In the present work, the effect of thermal (pasteurization) and nonthermal treatment (sonication) on the quality of pomelo juice was tested. From the results, it was seen that thermosonication treatments have enhanced the final quality of pomelo juice. In particular, sonication did not show any significant variations in TSS and TA, but it slightly lowered the pH of juice samples. Thermosonication showed a significant increase in antioxidant activity, TPC, TFC, cloud value, and browning index. But it had a negative impact on ascorbic acid levels where it showed a higher reduction at 50°C. In contrast, thermal processing of juices (pasteurization) displayed a significant decrease in the quality attributes of pomelo juice. Further research works should be carried out by combining ultrasonication with other nonthermal methods, in order to increase the microbial inactivation, improving the shelf-life of pomelo juices without affecting other quality attributes. It can be understood that thermosonication may be used as a substitute for thermal treatment for the processing of pomelo juice due to its positive impact on final product quality.

Highlights

• Effect of thermosonication on the quality of pomelo fruit juices was studied.

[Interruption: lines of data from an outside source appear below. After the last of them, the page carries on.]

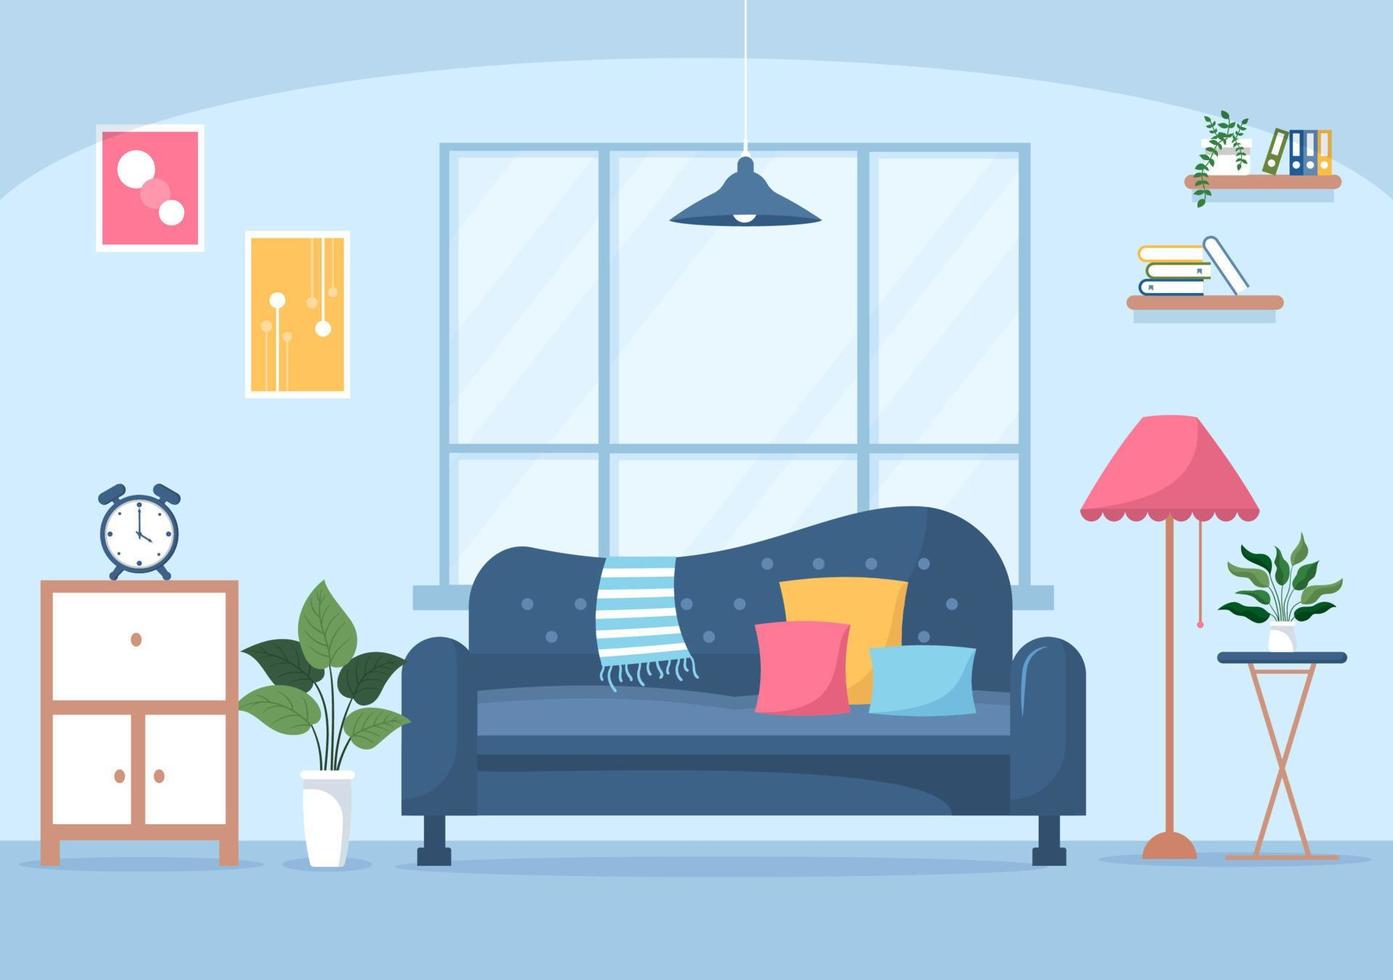 Home Furniture Flat Design Illustration for the Living Room to be Comfortable Like a Sofa, Desk, Cupboard, Lights, Plants and Wall Hangings vector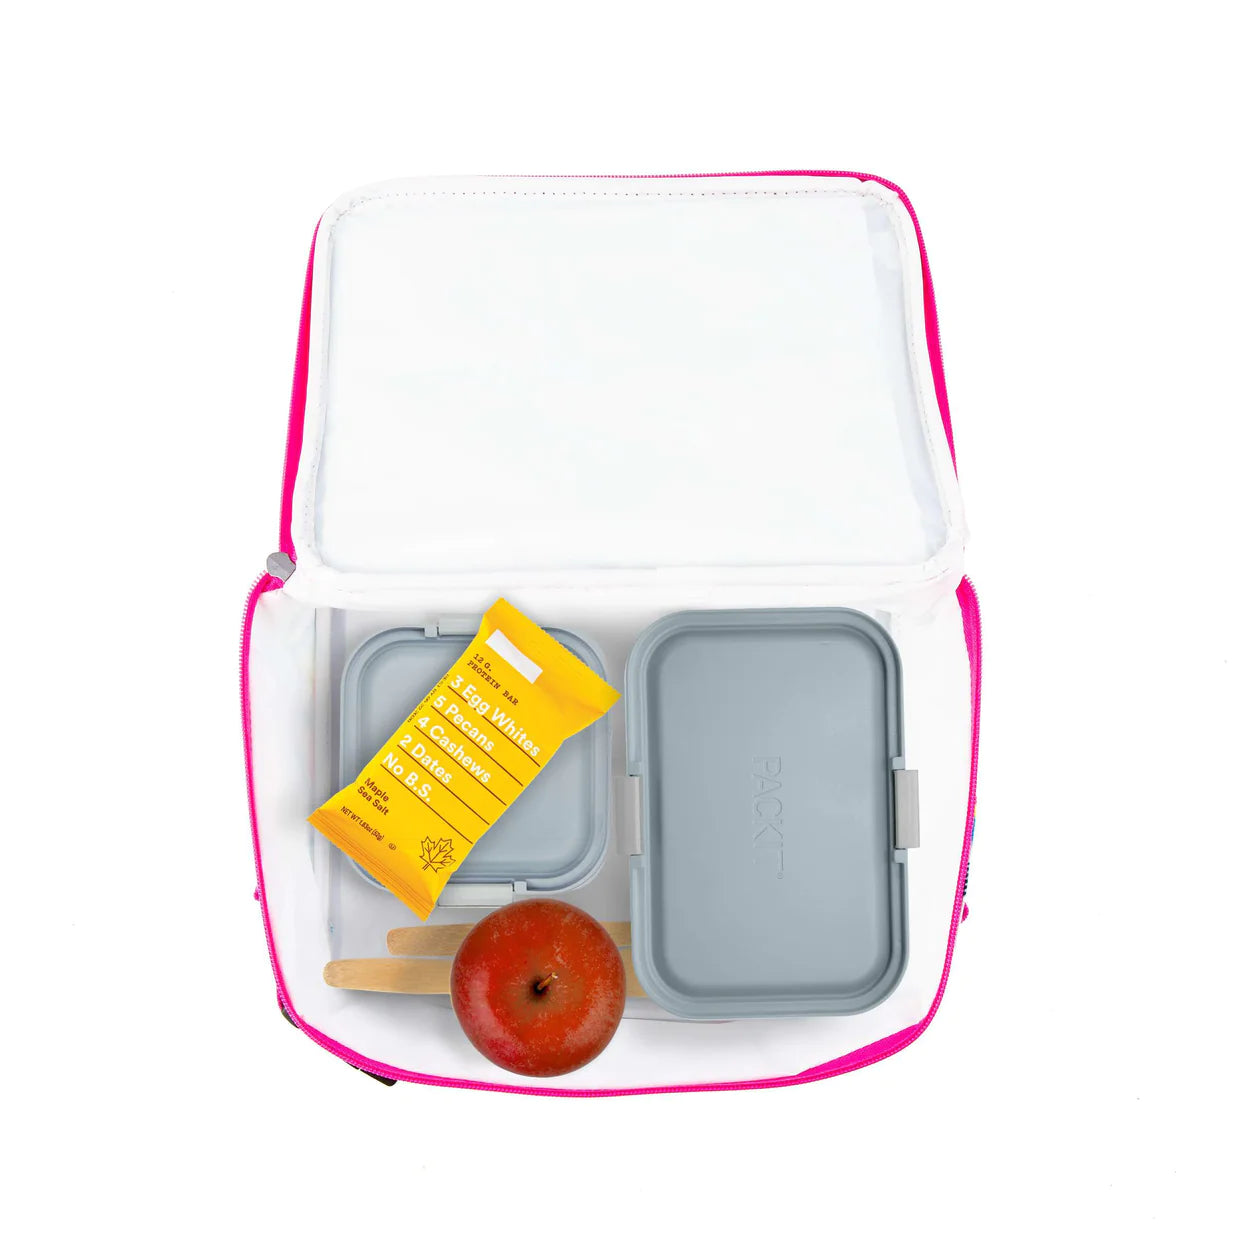 ERGO Packit Soft Sided Lunch Box | Shop at The Green Collective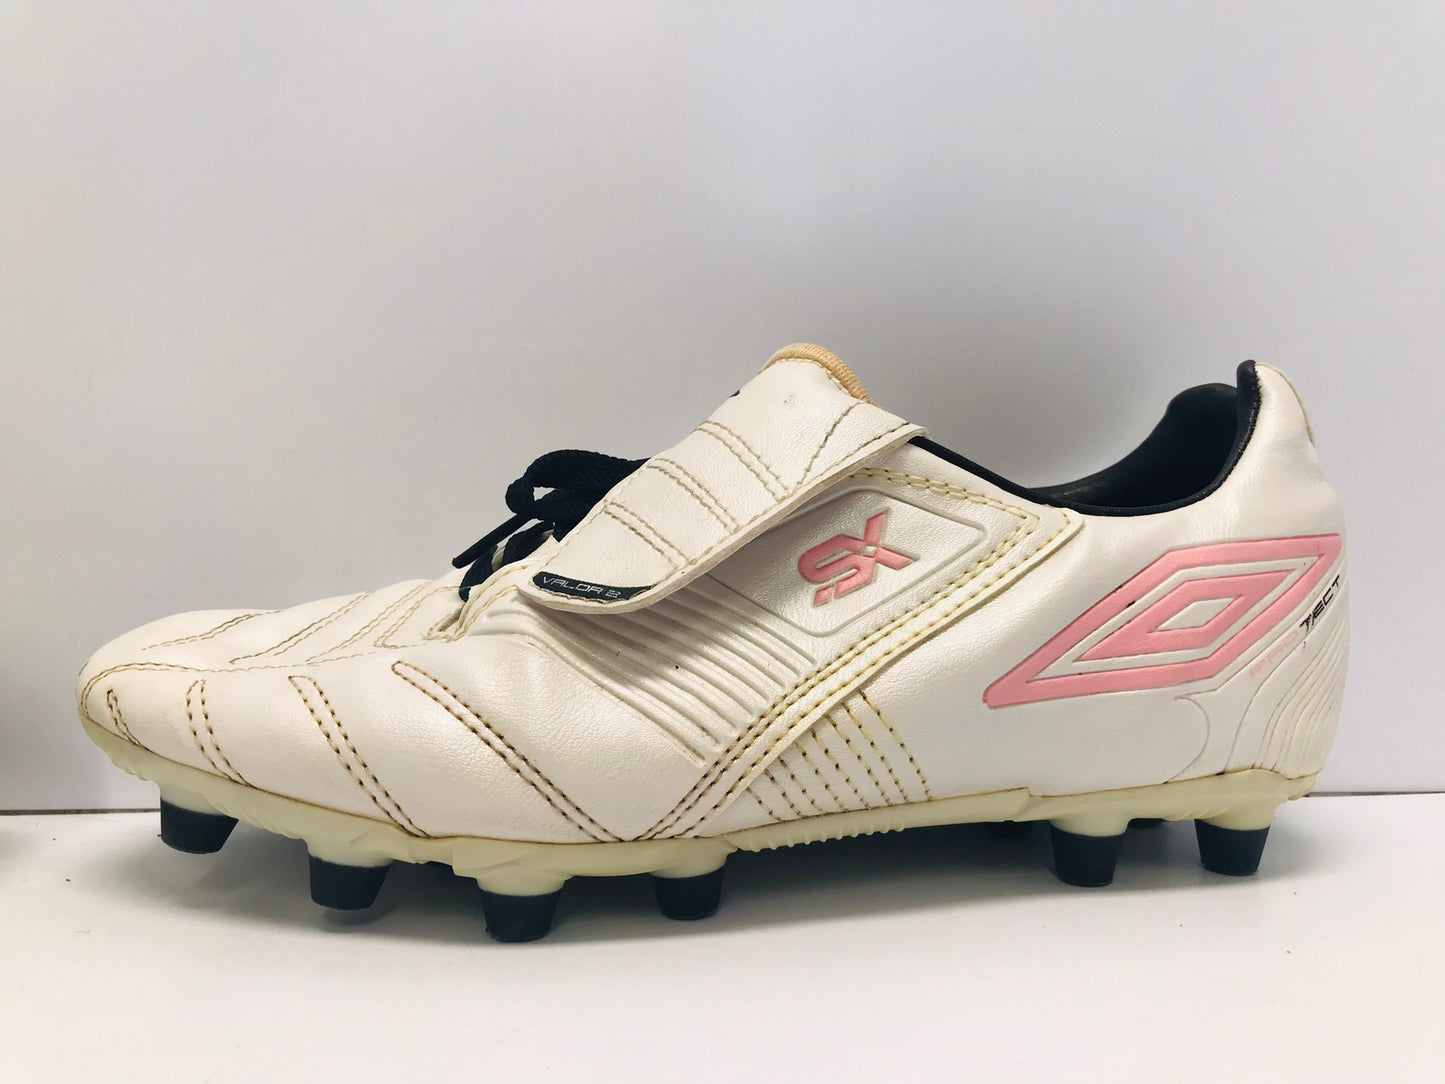 Soccer Shoes Cleats Ladies Size 8.5 Umbro White Pink  Excellent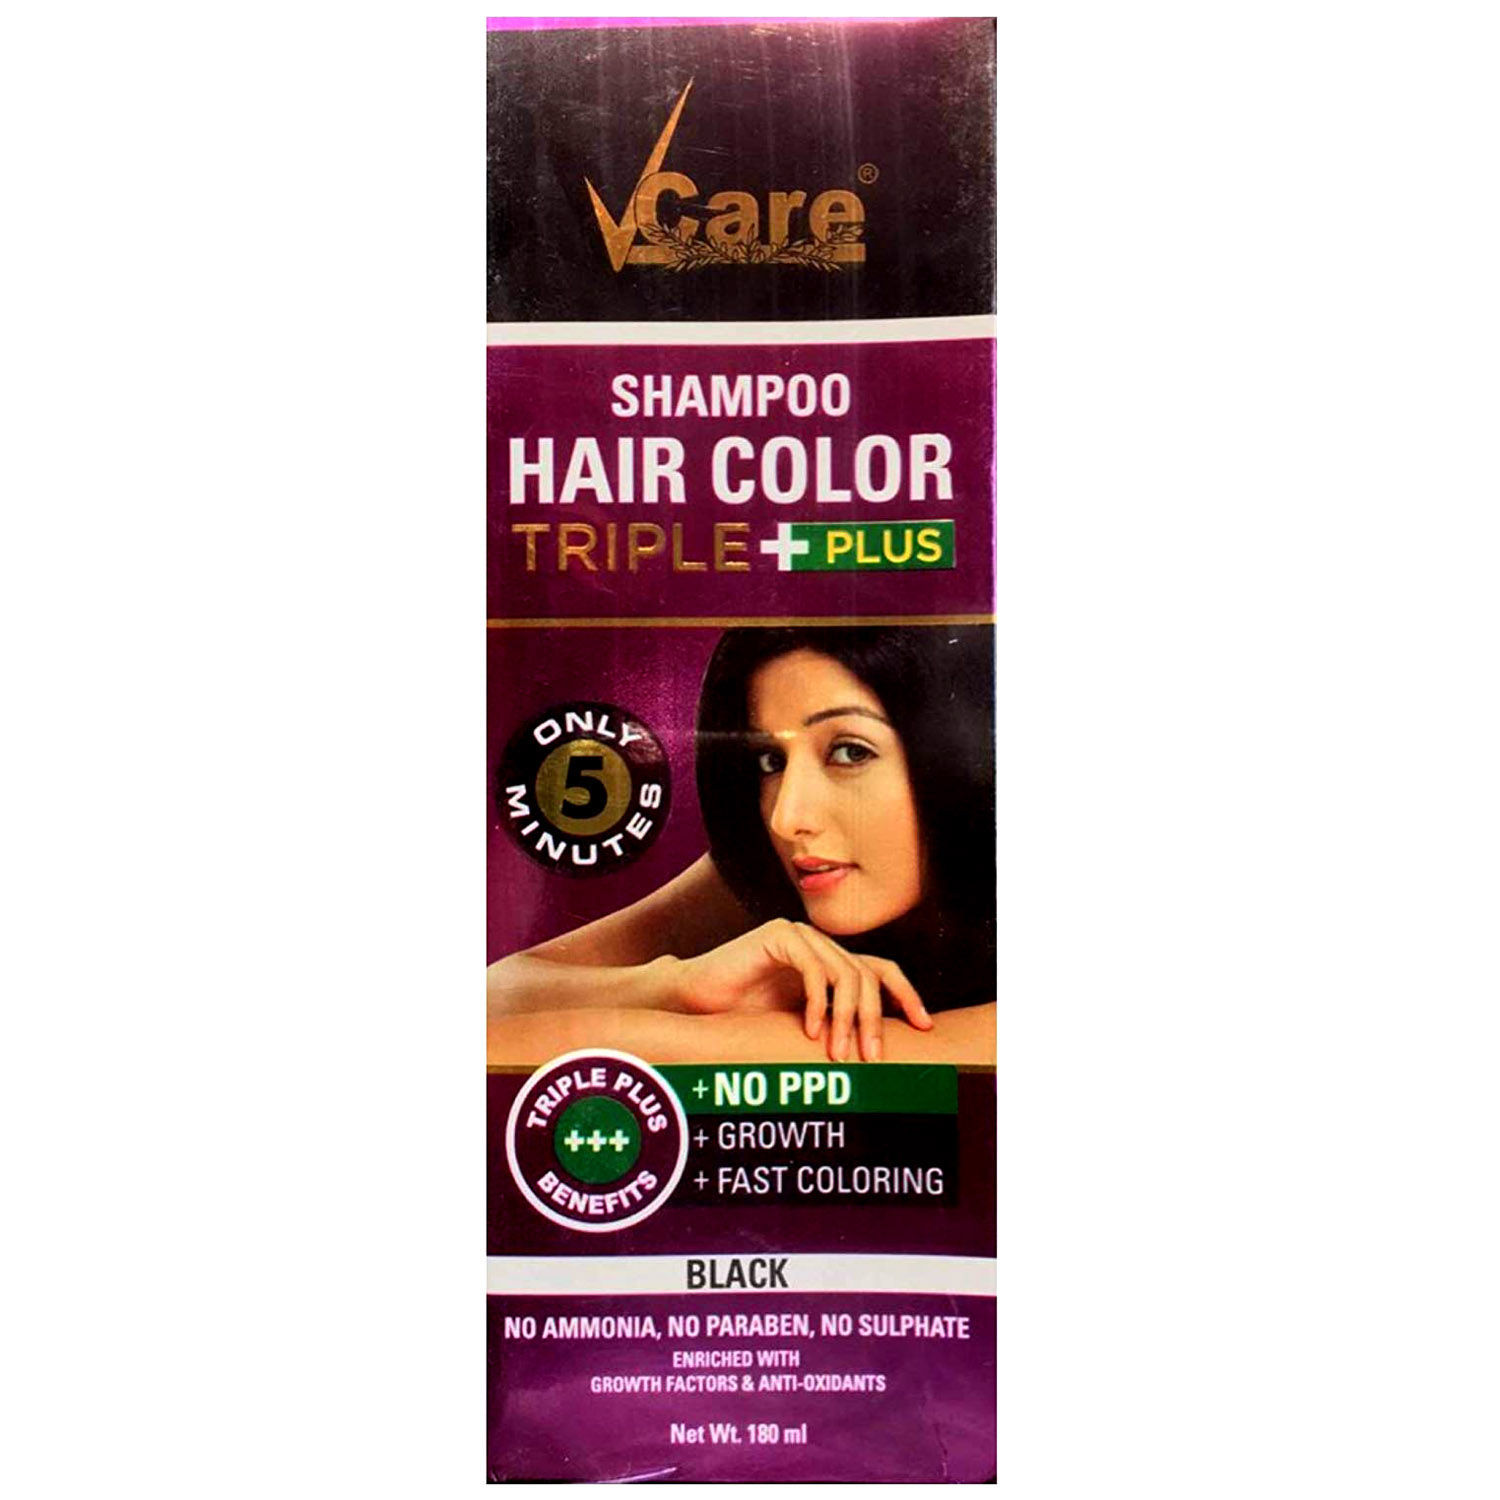 Vcare Triple Plus Hair Color Shampoo Black, 180ml Price, Uses, Side  Effects, Composition - Apollo Pharmacy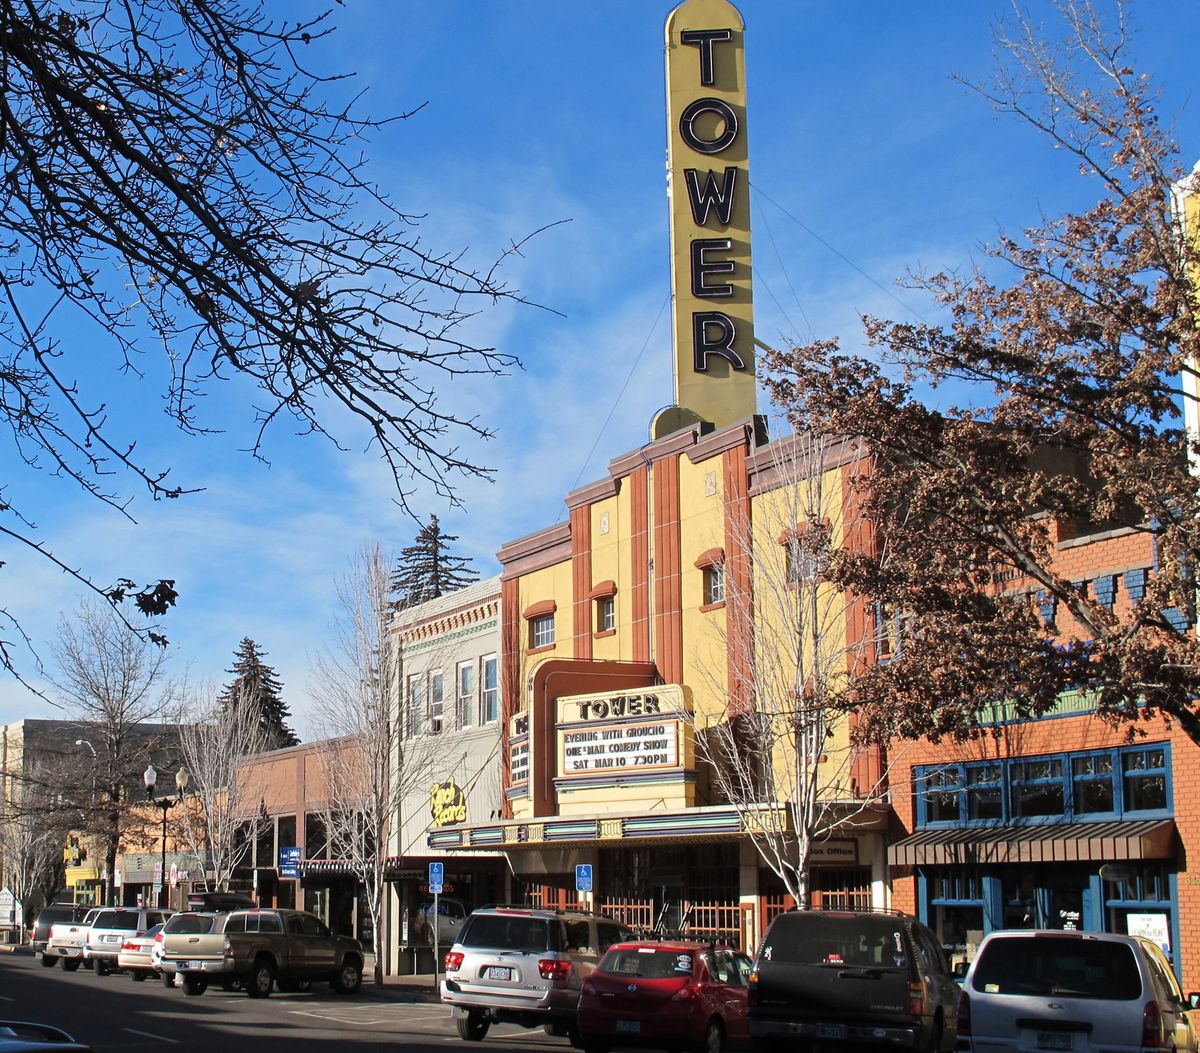 The 72-year-old Tower Theatre, renovated in 2004, is a landmark in downtown Bend, Ore.

• Thermosonication was carried out at different time and temperature combinations.

• The results of thermosonication were compared with raw and pasteurized juices.

• Thermosonication improved the quality of the juices.

• Ascorbic acid level was decreased minimally in thermosonicated juices.

Acknowledgments

Authors express their sincere gratitude to the Ministry of HRD, Govt. of India and Central Institute of Technology, deemed to be University, Kokrajhar, Assam, India for their support.

Disclosure Statement

The authors declare that there are no conflicts of interest.